然而,此刻林中却传来一阵极其违和的哼曲声。
“大王叫我来寻草~寻到神草救老爹~哎嘿!老爹救活我就跑~”
姜尘光着膀子,狼牙棒斜扛在肩上,走出了东荒街溜子的气势。
他不时停下,盯着路边五颜六色的毒蘑菇,一边嫌弃一边往兜里揣。
“红伞伞,白杆杆,二爷爷最近操劳过度,得给他补点这种劲儿大的,吃完就能躺板板,睡得香。”
在他头顶,五名血杀卫刺客正贴在树干上,大气都不敢喘。
领头的是血杀卫的黑七,金丹巅峰修为。
他在刀口舔血几十年,就没见过心这么大的目标。
“老大,这小子全身都是破绽。”
左侧的矮个子刺客传音入密,语气里全是轻蔑。
“我一刀就能给他捅个对穿。”
“别轻敌,毕竟是姜家的种,说不定有保命符。”
黑七做了个抹脖子的手势。
“老三,动手。”
左侧的一名刺客率先发难。
他两只脚在树干上轻轻一借力,身子平着滑了出去,手里的毒匕首直扎姜尘的后心。
这一刀,快、准、狠。
眼看匕首就要扎进肉里。
“哎哟!好大一只蛐蛐!”
姜尘冷不丁大喊一声,膝盖猛地弯下去,撅着屁股就往草丛里扑。
“嗤——!”
那刺客压根没想到目标会玩这一出。
整个人因为惯性刹不住闸,贴着姜尘的头顶就飞了过去。
“砰!”
一声闷响。
刺客的脑袋直接撞进了前面那棵千年铁木的树干里。
铁木比石头还硬,刺客的头骨当场裂开,两条腿在树干外面蹬了两下,不动弹了。
姜尘抓起那只蛐蛐,一脸茫然地回过头,挠了挠后脑勺。
“刚才是不是有个大耗子飞过去了?”
他嘟囔了一句,把蛐蛐塞进腰上的竹篓,继续乐呵地往前蹚。
后方的黑七:“……”
其余三个刺客:“……”
这特么是人干的事?
“意外,纯属意外。”
黑七咬碎了后槽牙,眼里凶光毕露。
“老二,用毒针!射他的死穴!”
老二是个玩暗器的高手。
他躲在树冠上,深吸一口气,手中的吹箭筒对准了姜尘的脖颈大动脉。
“噗!”
一枚幽蓝色的毒针破空而去。
就在这时,姜尘刚好走到一棵歪脖子树底下,他揉了揉发痒的鼻子。
“阿——阿——阿——!”
一个蓄势待发的响嚏,在他的胸腔里翻江倒海地酝酿着。
“嚏!!!”
这一嗓子,简直像是在这寂静的林子里放了个雷。
狂暴的气流顺着他的口鼻喷薄而出,竟然将周围的瘴气都吹散了不少。
那枚细小的毒针刚飞到面前,就被这股子带着唾沫星子的狂风迎面撞上。
它以比来时快两倍的速度,精准地倒飞回去。
“呃……”
树冠上传来一声闷哼,紧接着是重物坠地的声音。
姜尘揉了揉鼻子,一脸嫌弃。
“这林子里灰真大,呛死个人。
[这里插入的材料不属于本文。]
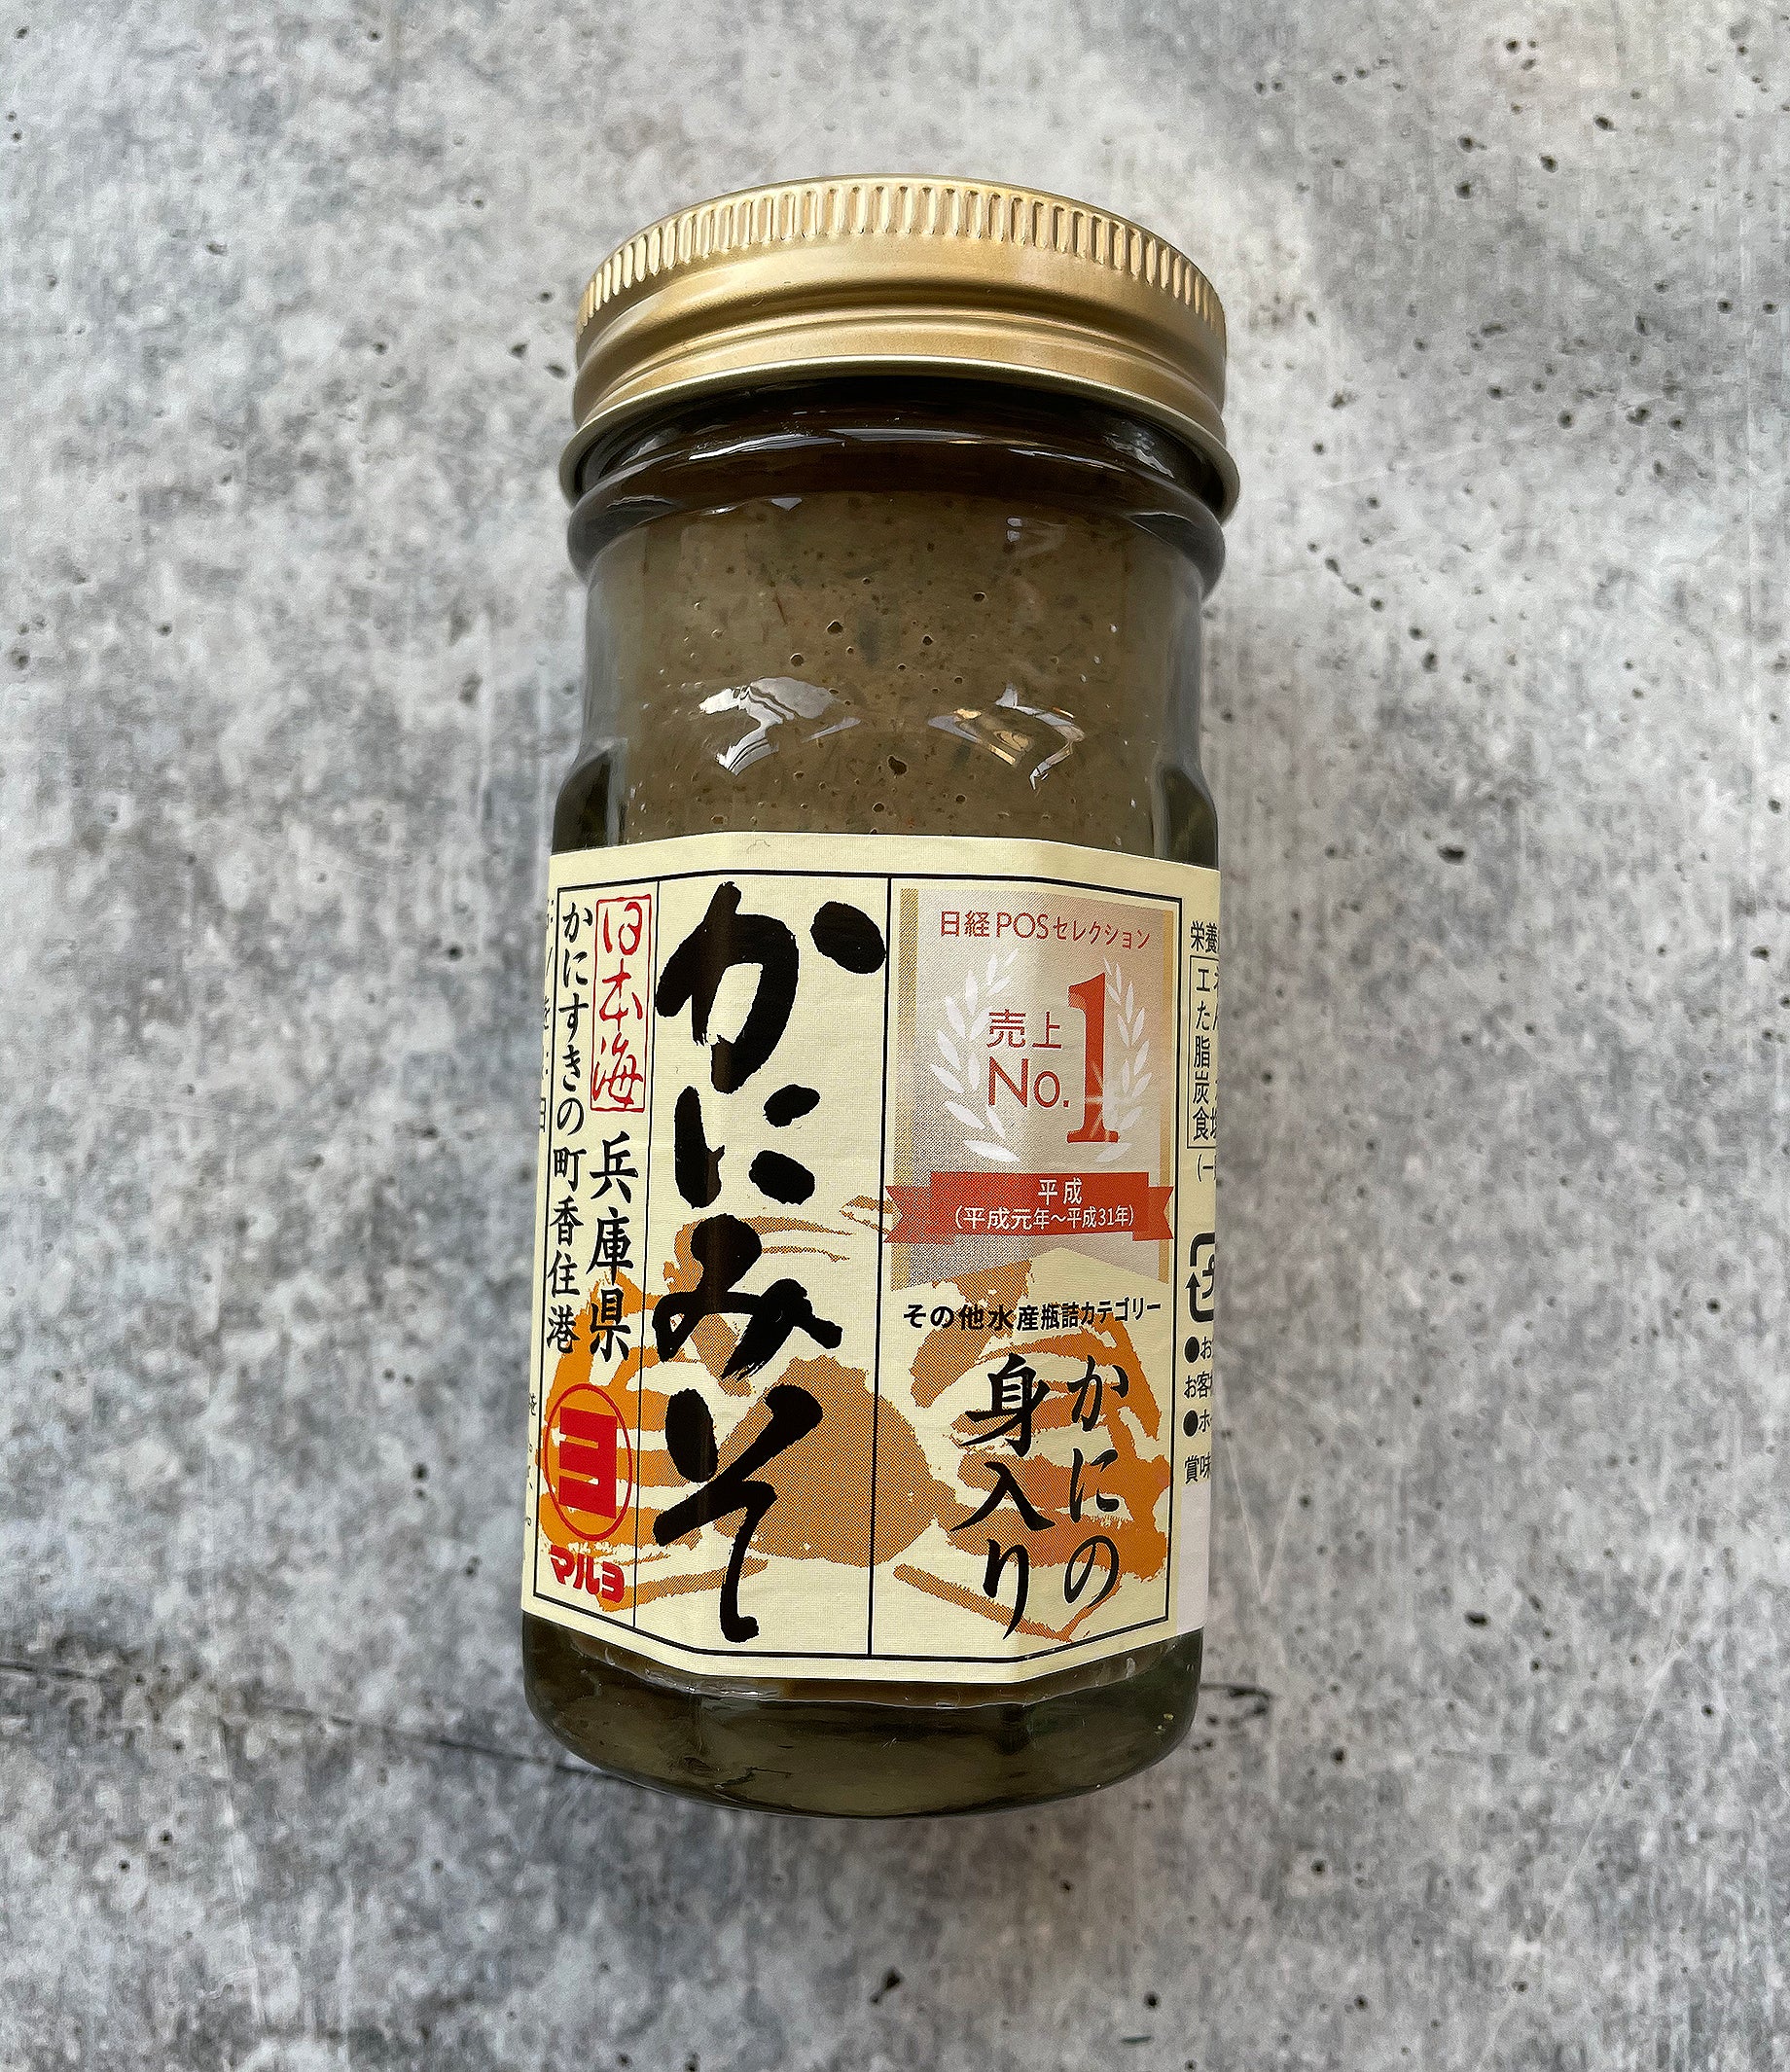 Japanese Seasoning Gift Set - Tastes of Japan - Artisanal Spice Blends Six  Pack
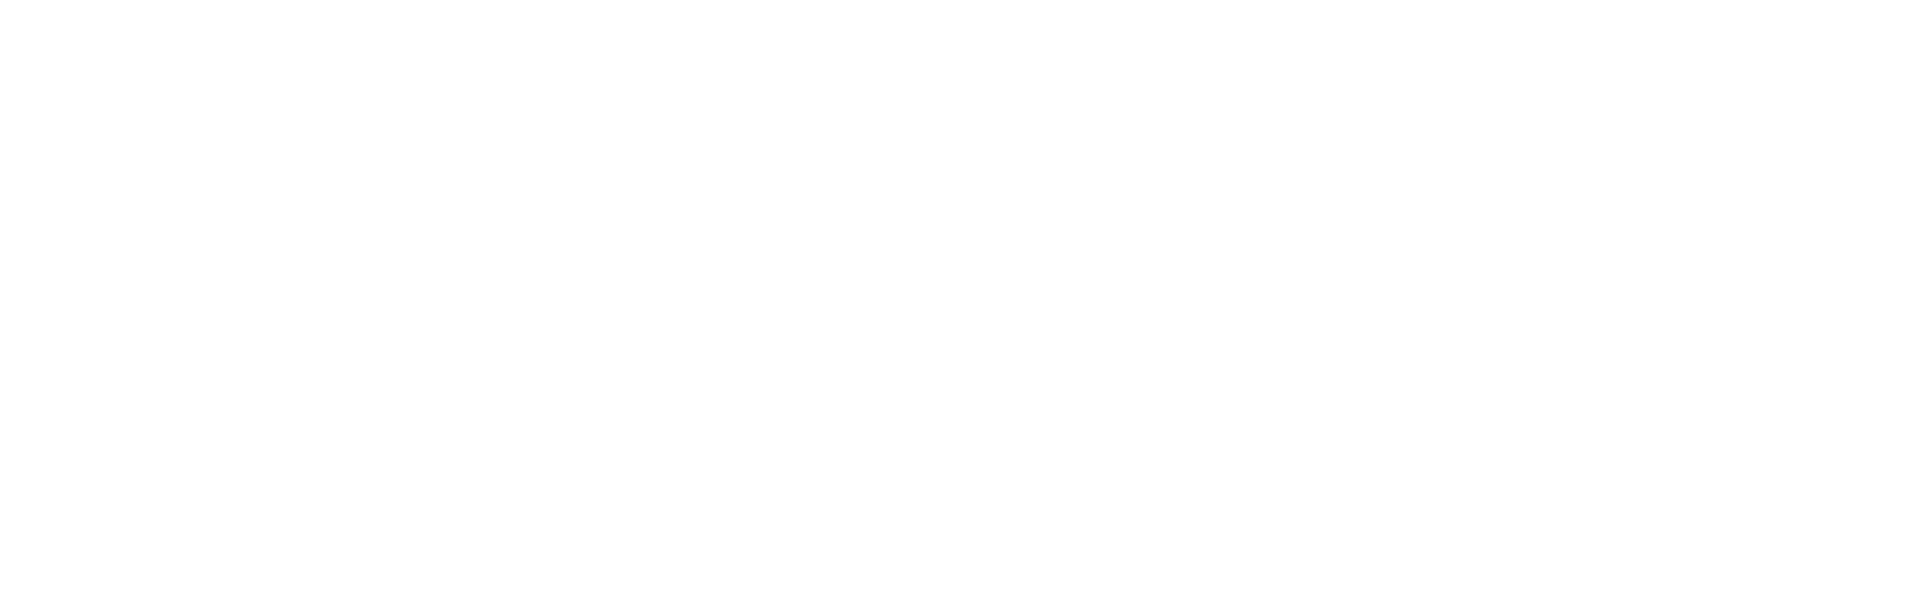 Brownlee fitness logo

”
说完,他扛着棒子,又哼着小曲儿往前走。
树上的杀手心态崩了。
这特么是人?
这运气是拿智商换的吧?
“老大……这小子……这小子是不是在扮猪吃虎?”
手下哆嗦着说道。
“要不咱们撤吧?”
“撤个屁!”
黑七双眼通红,他的一身金丹巅峰的灵力全部灌注在长刀之上。
作为职业刺客,如果连个憨憨都解决不了,他还不如直接抹脖子。
“直接杀!跟我上!”
三道威压直接锁死了姜尘。
姜尘愣住了。
他眨巴着大眼睛,看着从三个方向扑过来的壮汉,有些不确定地举起狼牙棒。
“几位大哥,你们也是来采药的?”
“这林子这么大,见面分一半也行啊,别动刀动枪的,伤了和气。”
领头的黑七气笑了。
“和气?”
刀尖直指姜尘的心口。
“傻小子,下辈子投胎记得长点脑子。”
“有人花钱买你的命,死吧!”
姜尘脸上的憨笑消失了。
“买我的命?”
他看着黑七,眼神里透出一股子认真的愤怒。
“我二爷爷说这里有救我爹的药。”
“我只想救我爹。”
他举起狼牙棒,清澈愚蠢的眼神里透出一丝认真。
“你们要杀我,那我是不是可以理解为……你们不想让我救我爹?”
黑七狞笑一声:“算你不傻!下去问阎王吧!”
刀光再起,这一次,直取咽喉。
姜尘脸上的憨笑消失了。
取而代之的,是一种属于野兽被触犯领地后的暴怒。
“不让救爹?”
“那你们就是坏人!”
“爹说了,对付坏人,要把脑浆子都打出来!”
……
与此同时,姜家书房。
姜承风半死不活地靠在椅子上,手里那杯茶已经凉透了。
“算算时辰,应该得手了。”
姜承风喃喃自语,嘴角忍不住疯狂上扬。
“只要那傻小子一死,我就让人把尸体抬到姜萧闭关的密室门口。”
“到时候,丧子之痛加上走火入魔……”
“桀桀桀……”
他越想越美,甚至已经在脑海里预演自己作为新任家主,在葬礼上发表感人至深的悼词了。
就在这时,门外传来一阵急促的脚步声。
姜承风噌地站了起来,动作太大,下巴上的伤口又扯得生疼。
来了!
报丧的人来了!
门被推开。
管家福伯一脸沉重地走进来,递上一张纸条。
“代家主,出大事了。”
“怎么了?是不是三少爷他……”
姜承风心跳加速,声音都在颤抖,那是压抑不住的狂喜。
福伯叹了口气。
“这是城南王大妈送来的索赔单。”
姜承风脸上的笑容僵住了:“什么玩意儿?”
“您昨天批的那条给灵猪请乐师的指令执行下去了。”
“乐师弹的是凤求凰。”
“结果导致她家的公猪听了太激动,冲进猪圈,把咱们家最贵的那头花猪给……给欺负了。”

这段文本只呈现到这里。